Analysis 09/07/2026

European market

Volatility remains in place this week, under the combined effect of geopolitics, weather conditions, the progress of harvests and monthly reports.
On the international scene, the situation in the Middle East has once again caught the attention of the markets. Traffic via the Strait of Hormuz is being questioned, which has naturally supported crude oil prices. This one flirts again with the $75/barrel.
This situation also supports the vegetable oils and, in turn, oilseeds. Like Euronext rapeseed, which was up by €8.75/t on the November contract to trade at €531.75/t. On this complex, eyes are also turning to sunflower, while the hot temperatures in full bloom are likely to have negative impact. Despite increasing areas in France, the 2026 harvest could be lower than expected earlier.
The harvest of autumn crops continues with a strong persistent heterogeneity on the wheat.
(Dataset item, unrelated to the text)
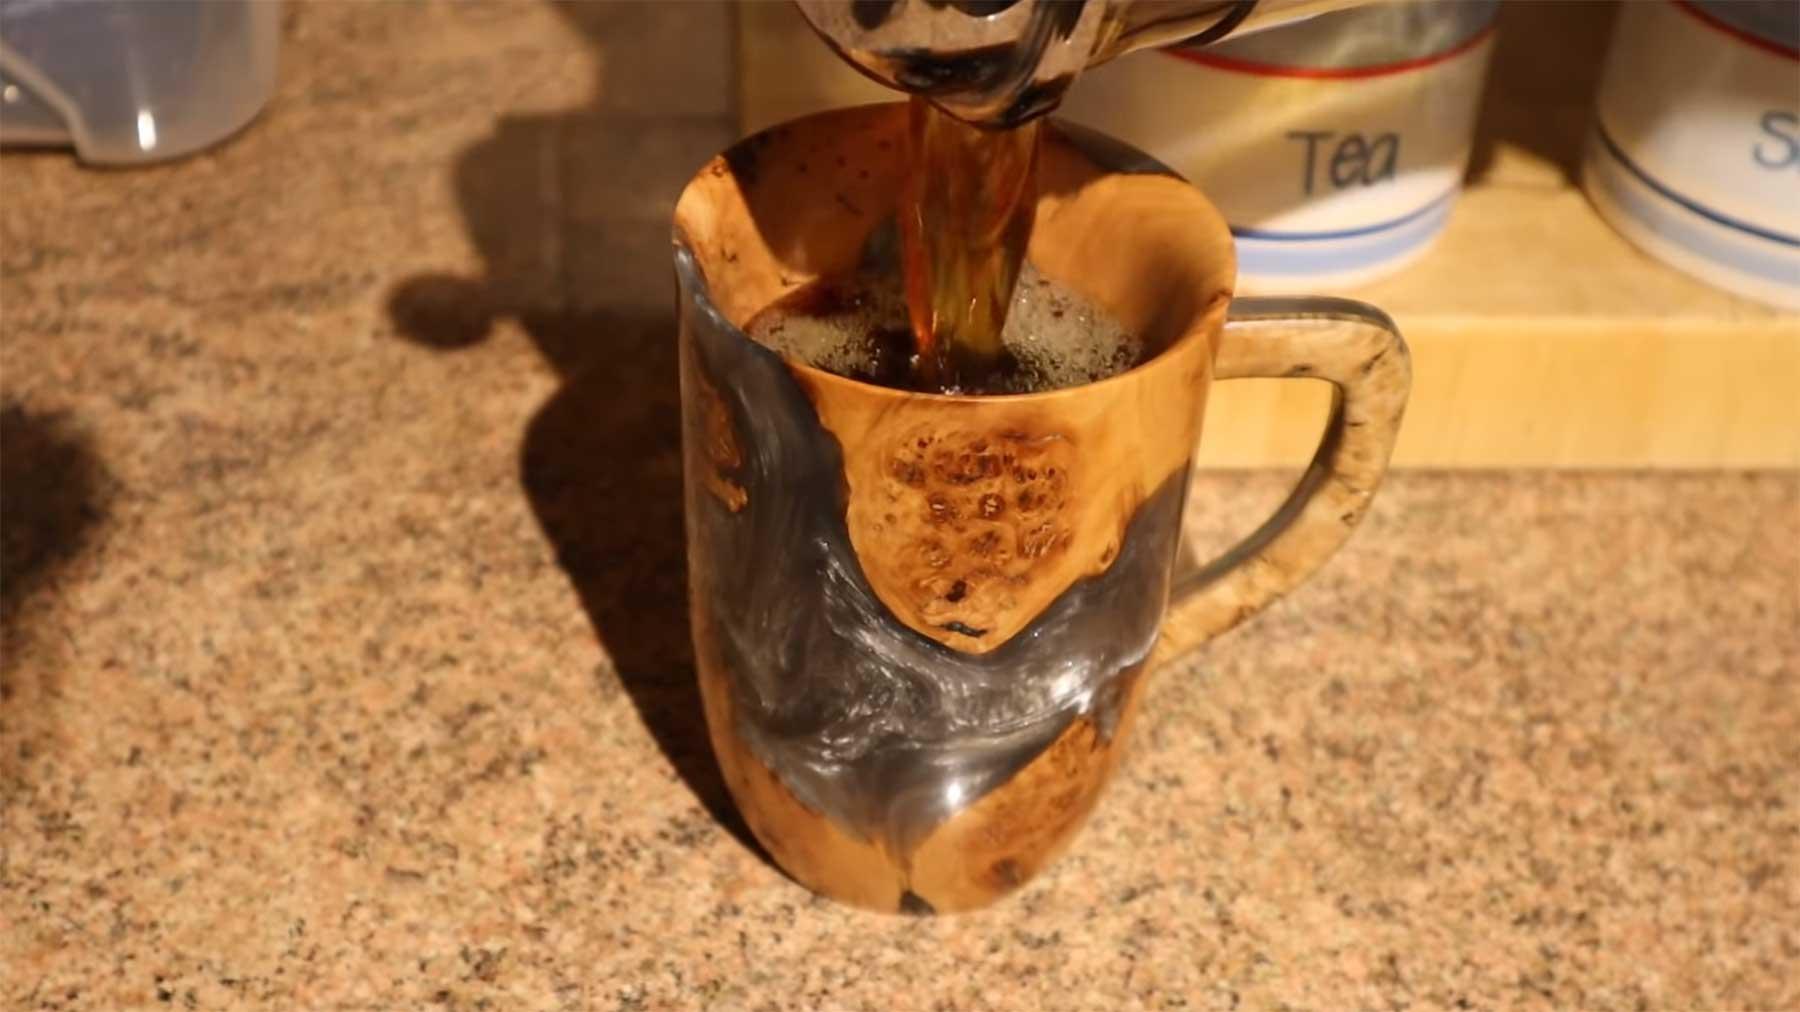 Kaffee-Tasse aus einem Stück Holz anfertigen kaffeetasse-aus-holz

However, it remains difficult for prices to take a clear direction while international demand remains particularly timid.
After the surge of recent weeks, corn corrects on Euronext while the situation remains worrying. The weather forecasts are still not reassuring and the yield potentials are deteriorating day after day. The lack of feed could also lead some farmers to review their trade-offs between grain corn and silage corn, which would not be without consequences for the volumes of the 2026-27 season.

American market

New exceptional sales of soybeans destined for China have been identified, with a volumes of 472,000 t  announced yesterday. These purchases are likely to reassure operators, who see it as a sign of compliance with the Sino-American trade agreement concluded earlier in the year. Such volumes come in addition to a still sustained crushing activity, likely to modify the American balance sheet.
The American weather remains closely monitored while corn and soybeans still show good potential. However, the temperatures climb in part of the Corn Belt at the moment when the flowering phase begins. This situation could put an end to the downward seasonality usually observed on corn at this time of the year.
By tomorrow, position adjustments should occur as the USDA will publish its monthly report this Friday. Once again, traders expect changes in the global balance sheet, enough to fuel volatility on the markets.